(DATA SEGMENT)
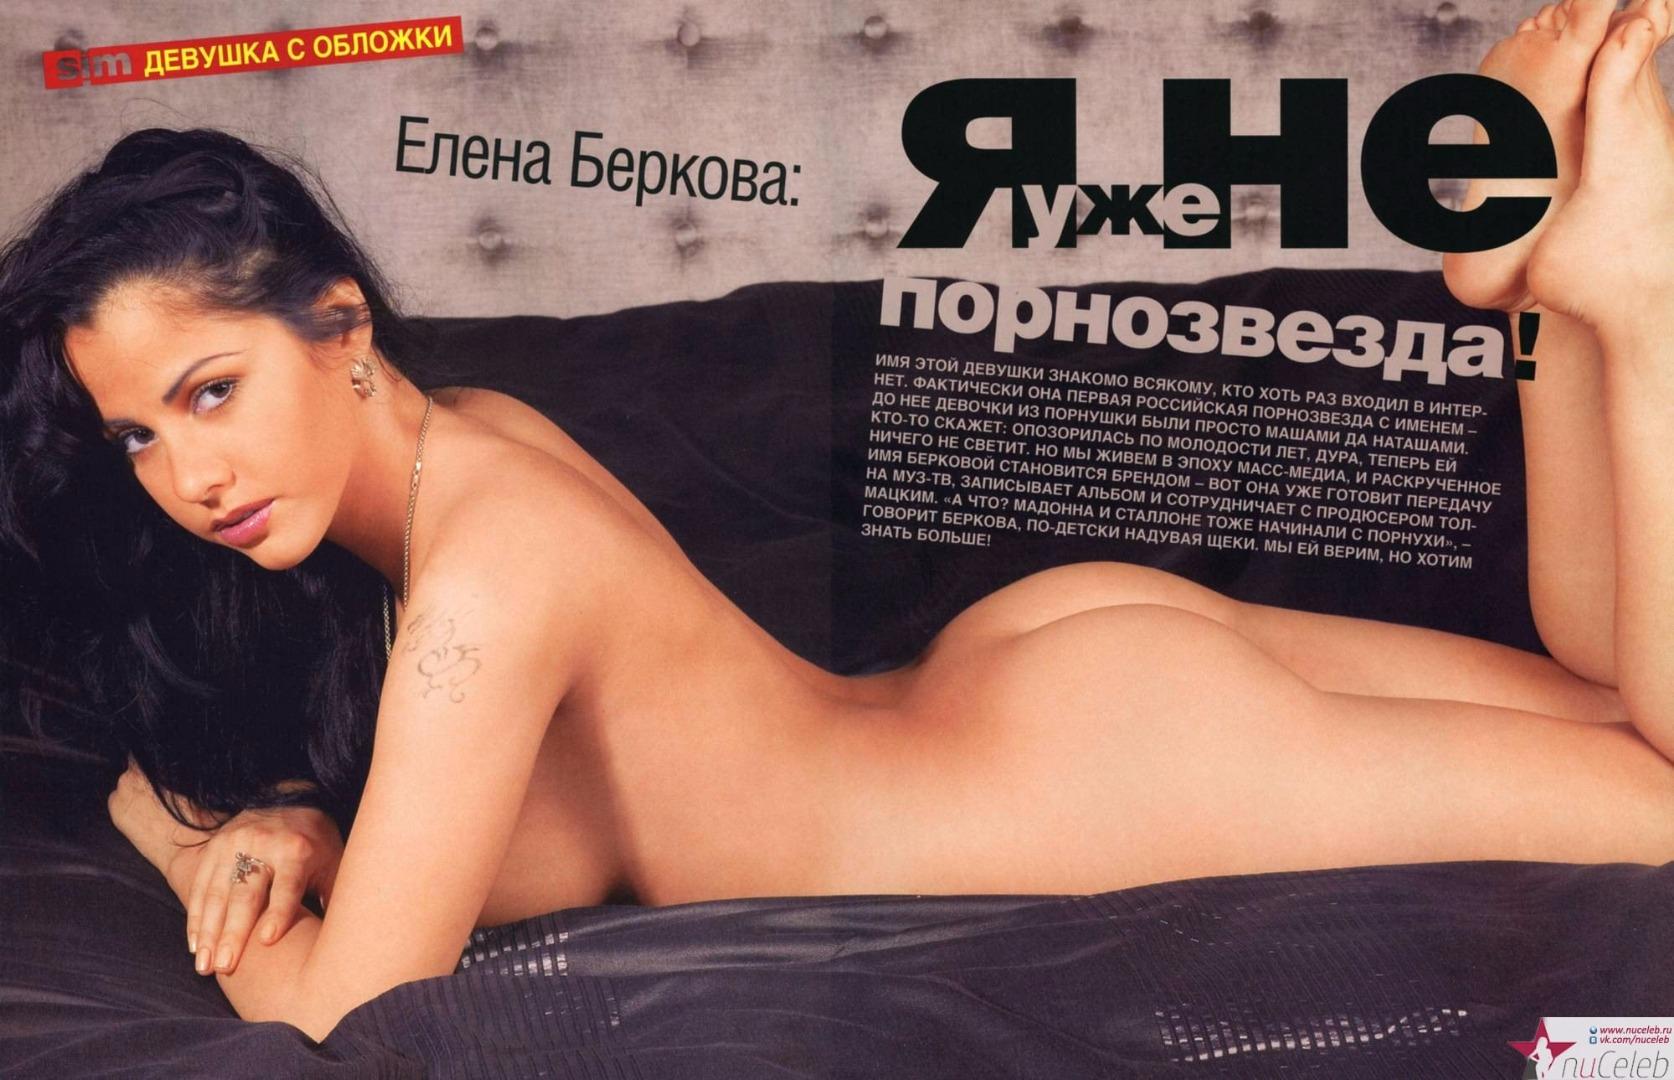 новая эротическая фотосессия елены берковой
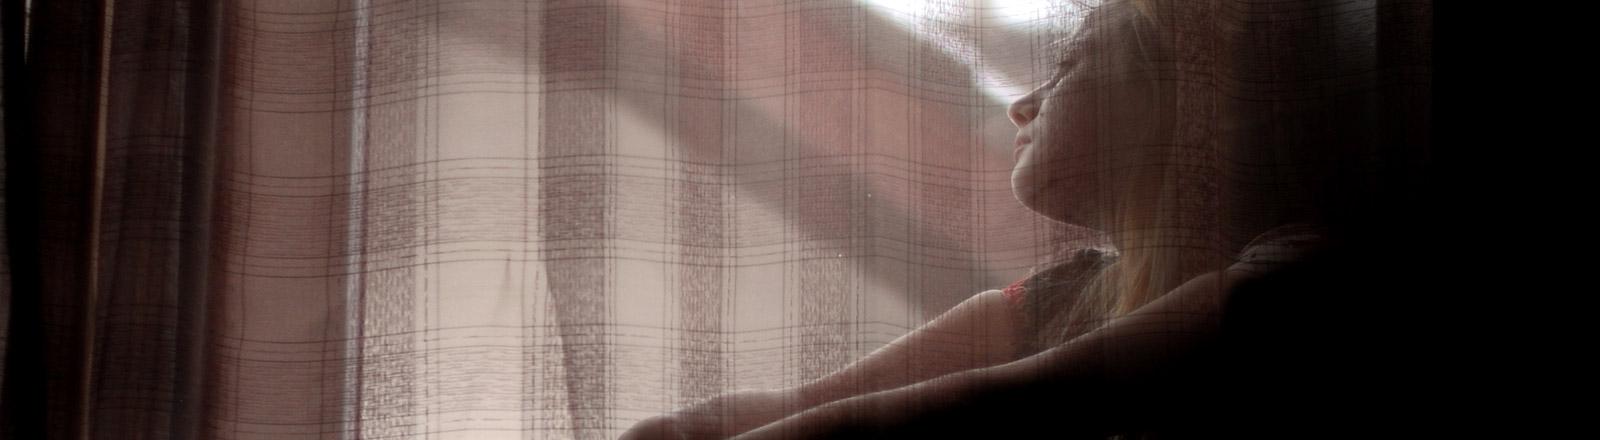 Eine junge Frau sitzt von einem Fenster
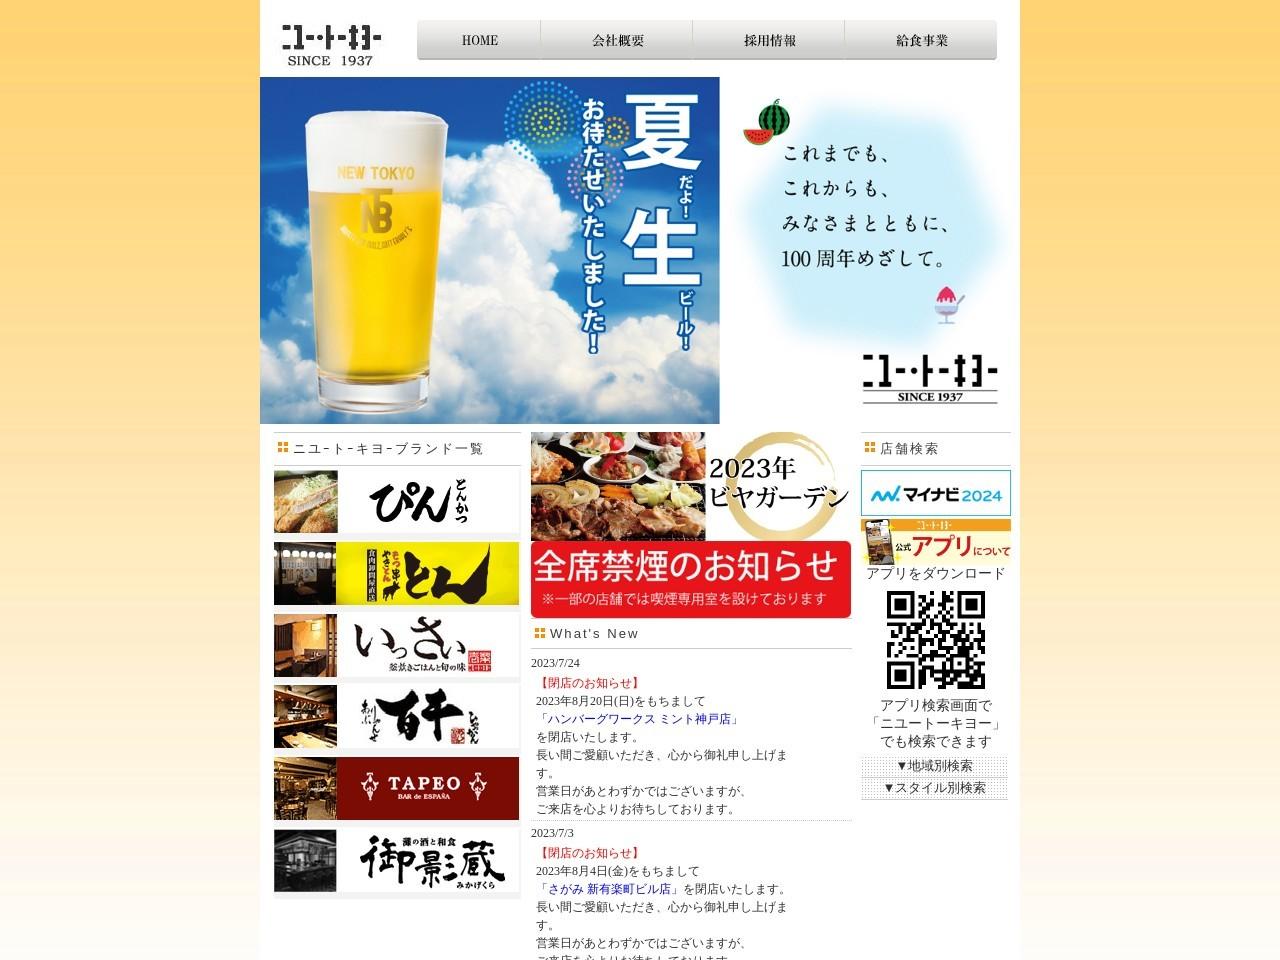 ニユー・トーキヨービヤレストラン/パレスサイドビル店

(TASK TO COMPLETE) Output the listing above exactly as it stands; no picture should appear.

(SOLUTION TO THE EXERCISE)
 новая эротическая фотосессия елены берковой
 Eine junge Frau sitzt von einem Fenster
 ニユー・トーキヨービヤレストラン/パレスサイドビル店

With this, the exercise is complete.